For ECM fungal species detected as hyphae, the DNA analysis was only capable of determining species presence or absence irrespective of the amount of hyphae of that species in the F-layer sample. Thus, for the species detected as ECM roots, the data were treated in the same fashion; an ECM fungus species was considered to be either present in or absent from each sampling unit (the F-layer cube), irrespective of the number of roots in the sample colonized by that species (Koide et al., 2005b). The need to consider the ECM root data in this fashion was discussed previously when we determined that the identity of the fungus on one root in a sample was not independent of the others in the same sample (Koide et al., 2005b). Therefore, for ECM fungal species detected either as hyphae or as ECM roots, this method gives equal weight to all species within a sample, irrespective of their abundance within the sample.

Statistical analyses

Because ECM roots were sampled either 40 or 60 times per sampling date, depending on the sampling date (as already described), species occurrences were calculated for both ECM roots and hyphae on a per-sample basis to make comparison among dates possible. For each species, these values were then scaled by dividing the value at each sampling date by the sum of the values for all seven sampling dates. Thus, for a given species, the sum of these relative frequencies for the seven sampling dates was always 1. The purpose of this scaling was to characterize the temporal pattern of occurrence for each species in a manner that was independent of its absolute frequency of occurrence and independent of all other species in the community.
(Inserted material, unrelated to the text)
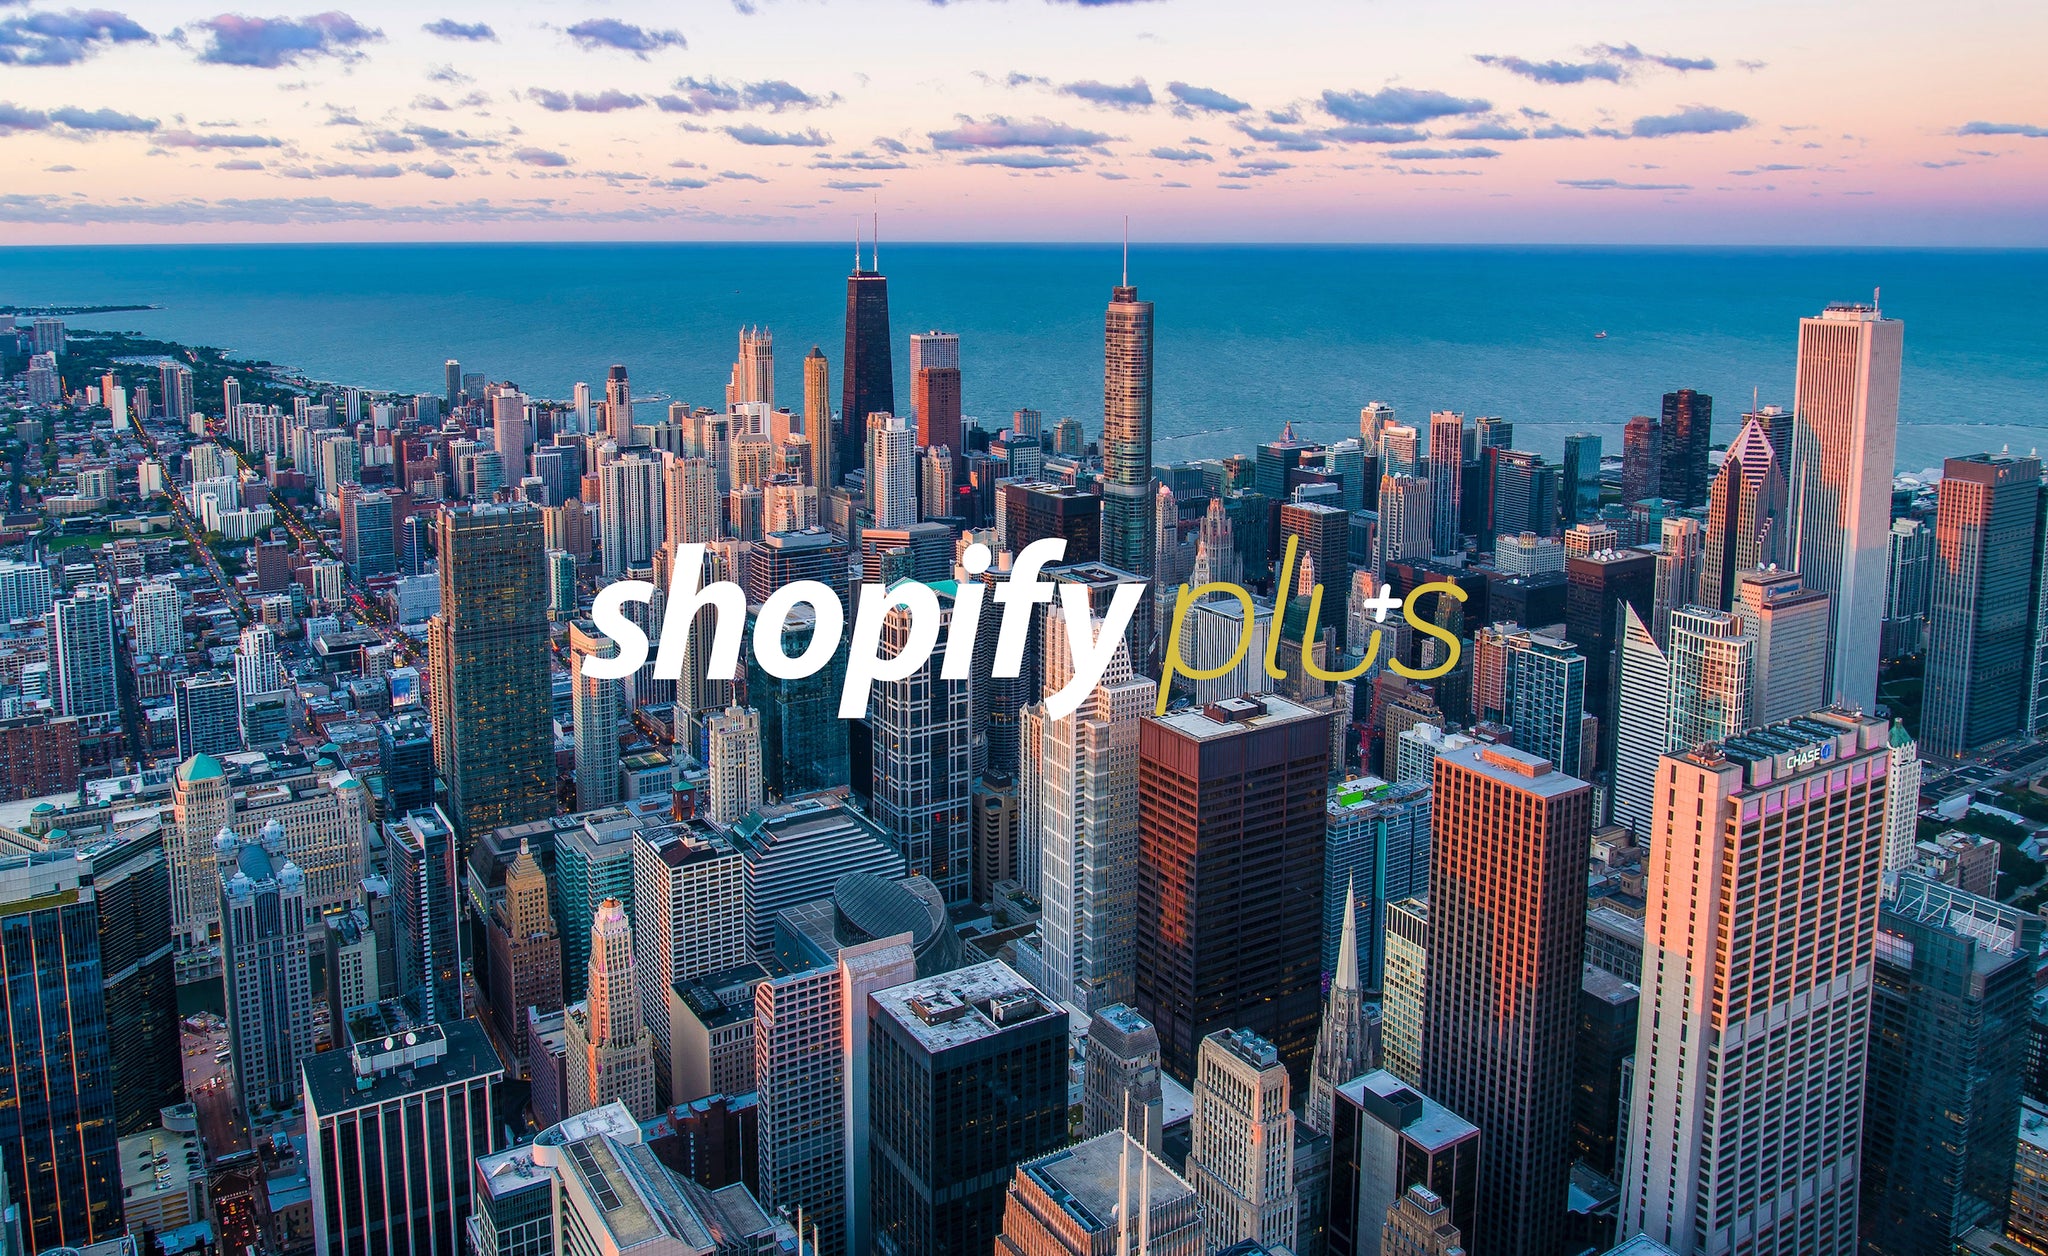 What Are The Best Features of Shopify Plus?

Evidence for temporal partitioning among the species of ECM fungi was obtained using PROC TRAJ, a semiparametric procedure that fits models to longitudinal data in order to produce data-sequence groupings (see the PROC TRAJ website: http://www.andrew.cmu.edu/user/bjones/; see also Nagin, 1999, 2005; Nagin & Tremblay, 2001). In our case, we used PROC TRAJ to group species according to their similarity in relative frequency through time. Because PROC TRAJ was applied to the relative frequencies as calculated earlier, it separated species into groups according to temporal pattern only (relative frequency through time), and not on the basis of absolute frequency of occurrences, which varied greatly among species. We analyzed only the 14 most frequent species detected as hyphae (out of a total of 28; Koide et al., 2005b) and the seven most frequent species detected as ECM roots (out of a total of 27; Koide et al., 2005b). The minimum criterion for inclusion in the analysis was 15 occurrences throughout the sampling period. For less common species, relative frequencies would be particularly sensitive to chance fluctuations in occurrence as a result of sampling and detection error.
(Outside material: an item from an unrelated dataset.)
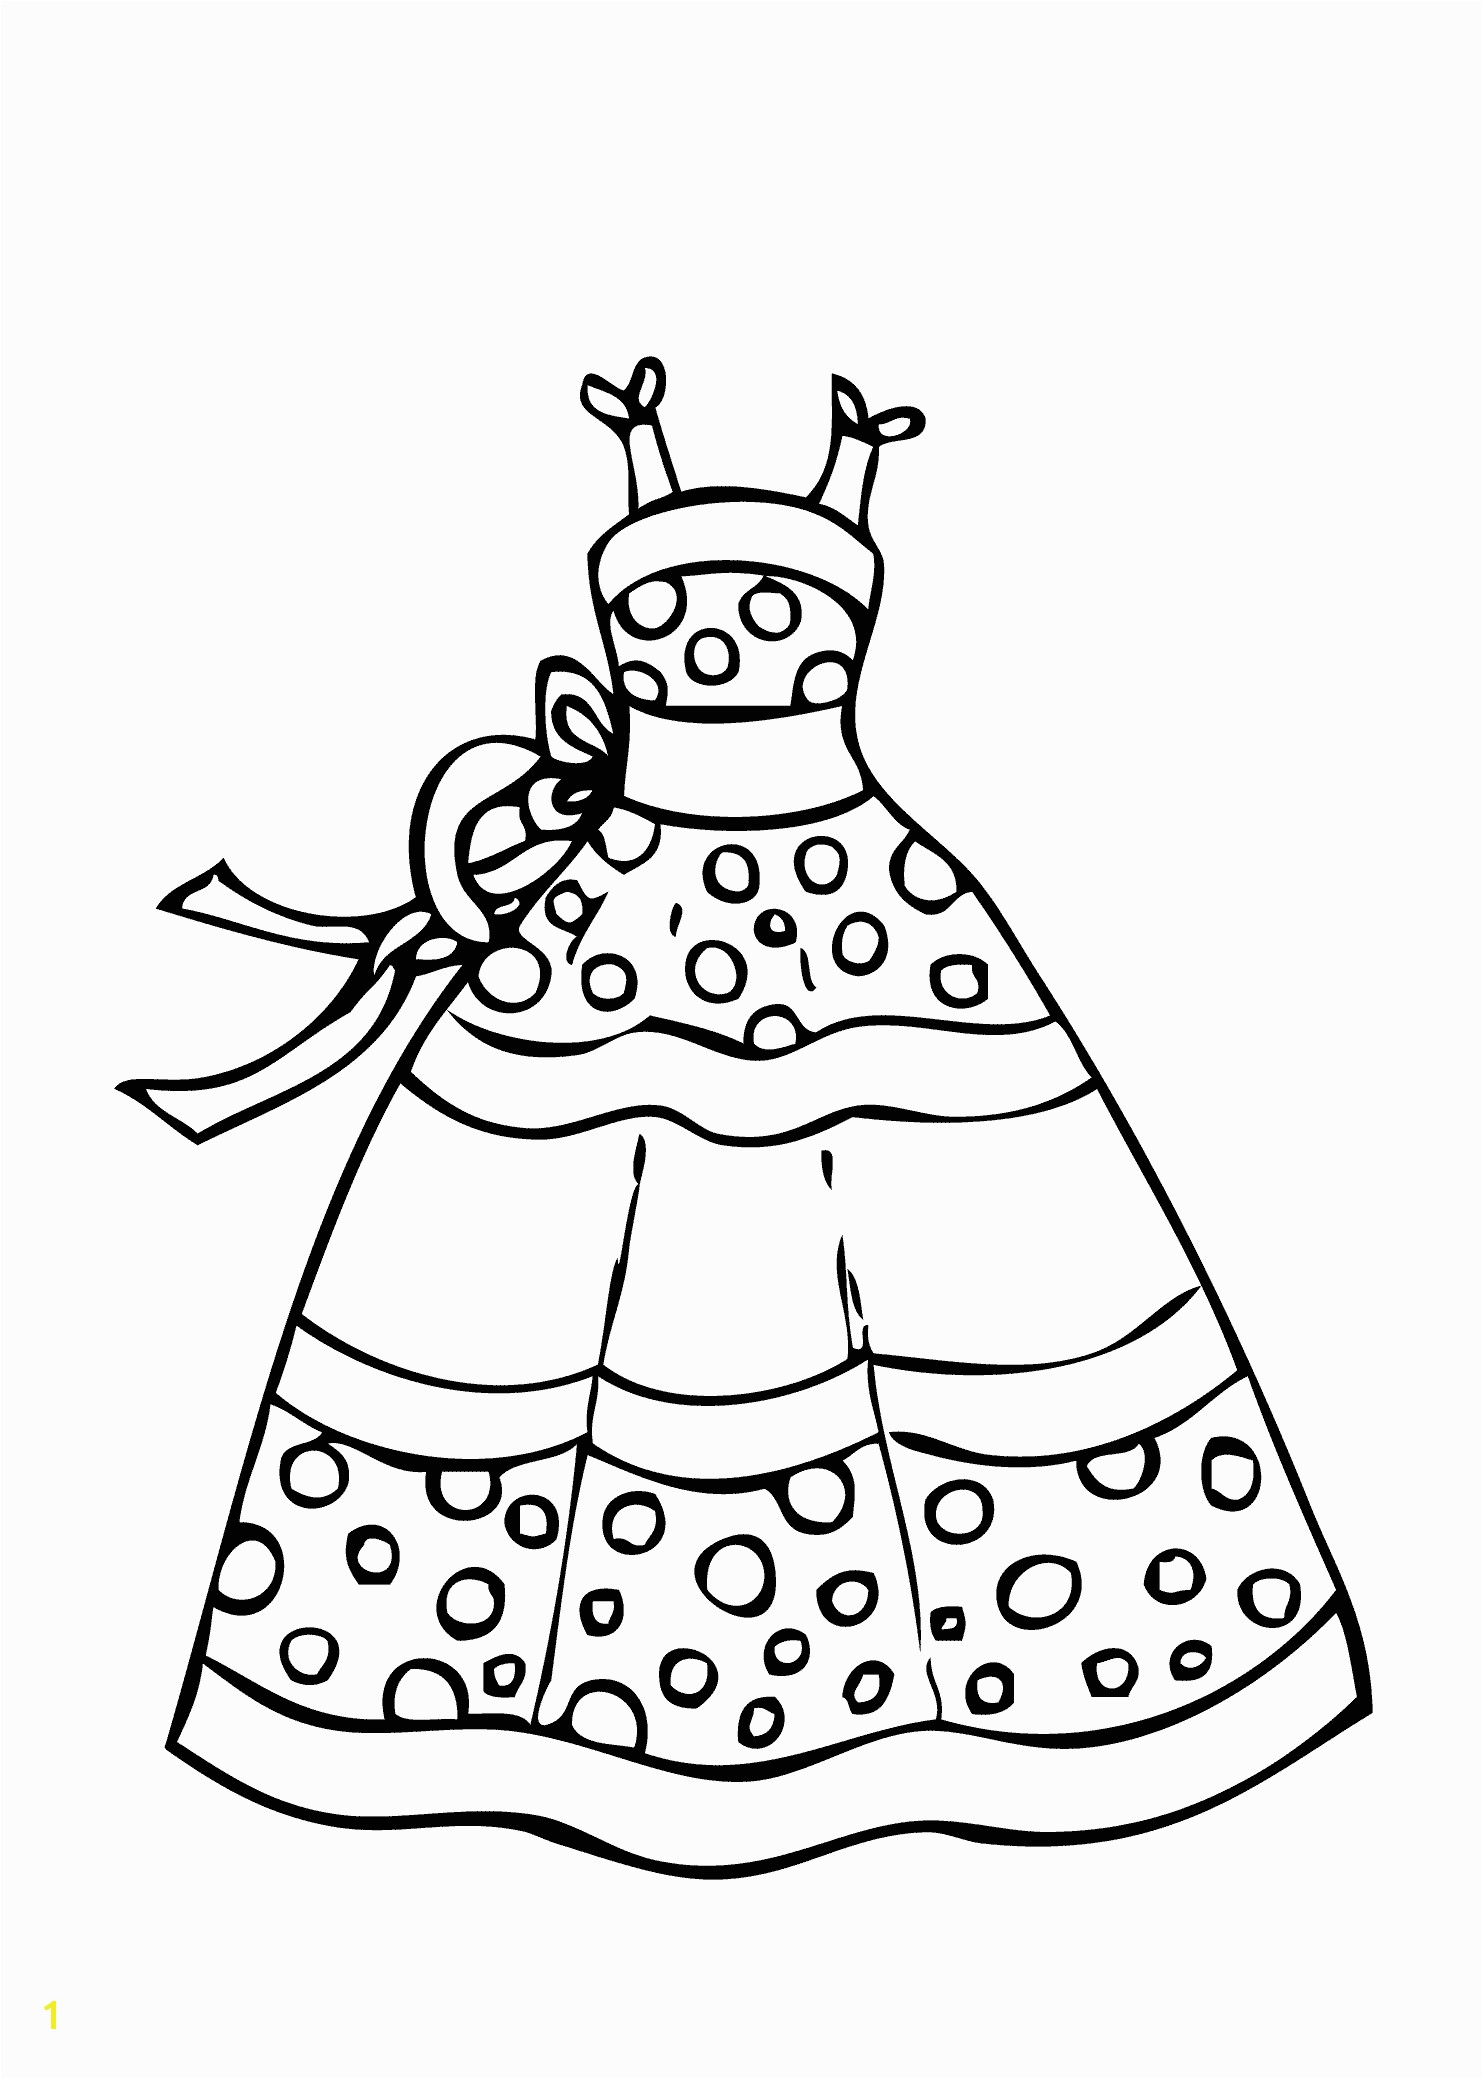 Pretty Little Liars Coloring Pages Instructive Dresses Colouring Pages Beautiful Unknown

We employed censored normal models in PROC TRAJ, initially specifying third-order polynomial models. If PROC TRAJ indicated that the cubic or quadratic parameters were not significant, reduced models (linear or quadratic rather than cubic) were specified. We present results from the reduced models only. One of the peculiarities of PROC TRAJ is that all relative frequencies must be expressed to the same degree of precision. In other words, frequencies of 25 of 100 and 33 of 67 must not be expressed as 0.25 and 0.4925, but rather as 0.2500 and 0.4925, or as 0.25 and 0.49. For the analyses herein, we arbitrarily expressed all relative frequencies to four decimal places. The results would have been the same had we expressed them to other degrees of precision so long as this was consistent across all relative frequencies. In the model, the timescale (originally 199–599 d since 1 January 2002) was centered about 0 and scaled (between −0.36 to +0.36) to be comparable in magnitude to that of the dependent variable (frequency), which ranged approximately from 0.0000 to 0.3500, as recommended (D. S. Nagin, pers. comm.).
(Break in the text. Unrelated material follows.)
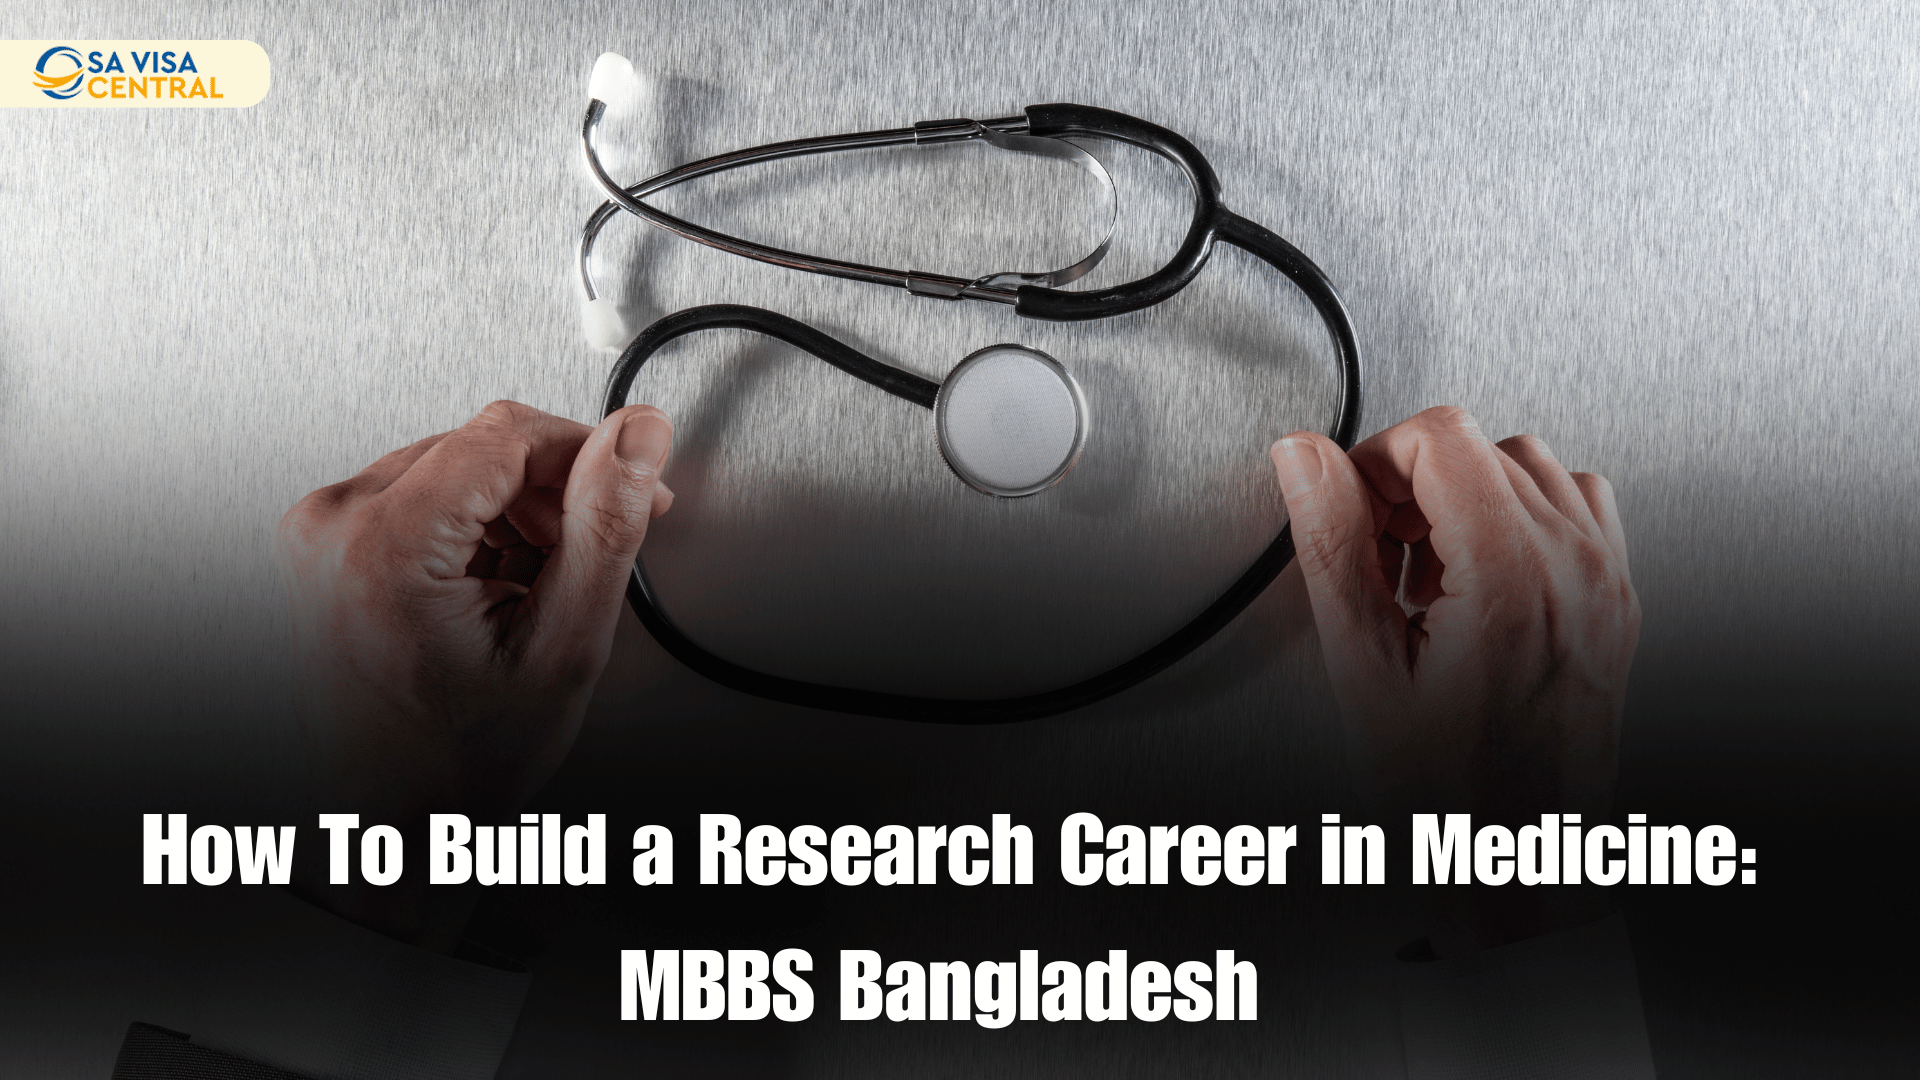 How To Build a Research Career in Medicine: MBBS Bangladesh

Correlation analyses were performed using the Pearson product-moment correlation procedure of Statistica version 5.1 (Statsoft, 1997) to determine whether relative frequency of each species observed on ECM roots was correlated with the relative frequency of the species as hyphae.

Results

  1. Top of page
  2. Summary
  3. Introduction
  4. Materials and Methods
  5. Results
  6. Discussion
  7. Acknowledgements
  8. References

Rainfall for the 30 d before each sampling was lowest for the first two samplings and highest for the third, sixth and seventh samplings (Fig. 1a). Air temperatures were typical for the region, with the highest 30 d means of daily means near 23°C in midsummer and the lowest 30 d mean of daily means below freezing in midwinter (Fig. 1b).

There were a total of 39 fungal species determined to be ECM in our analyses. Twenty-eight species in total were detected as hyphae (Koide et al., 2005b), and 27 as ECM roots (Koide et al., 2005b). There were 10, 17, 16, 17, 16, 12 and 21 species of ECM fungi detected as hyphae in July, September and October 2002, and January, April, June and August 2003, respectively. For the same dates, there were 10, 10, nine, nine, 11, 14 and 17 species of ECM fungi detected on ECM roots.

As can be readily appreciated from the relative frequencies for species detected as hyphae (Fig. 2), it would be difficult to objectively group species according to temporal pattern without the aid of a computer. Thus, for the species detected as hyphae, we specified that PROC TRAJ produce three, four and five groups. Based on the suggested diagnostic procedure (Nagin, 2005), all three models were adequate because each produced average posterior probabilities of group membership of 0.90 or higher. However, both the Akaike information criterion (AIC) and Bayesian information criterion (BIC) indicated that the three-group model was most parsimonious and thus we report the results only from the three-group modeling effort. The same reasoning was used in our selection of the two-group model for ECM root data based on comparisons with three- and four-group models.

image

Figure 2. The relative frequencies of the 14 most frequent ectomycorrhizal fungal species detected as hyphae.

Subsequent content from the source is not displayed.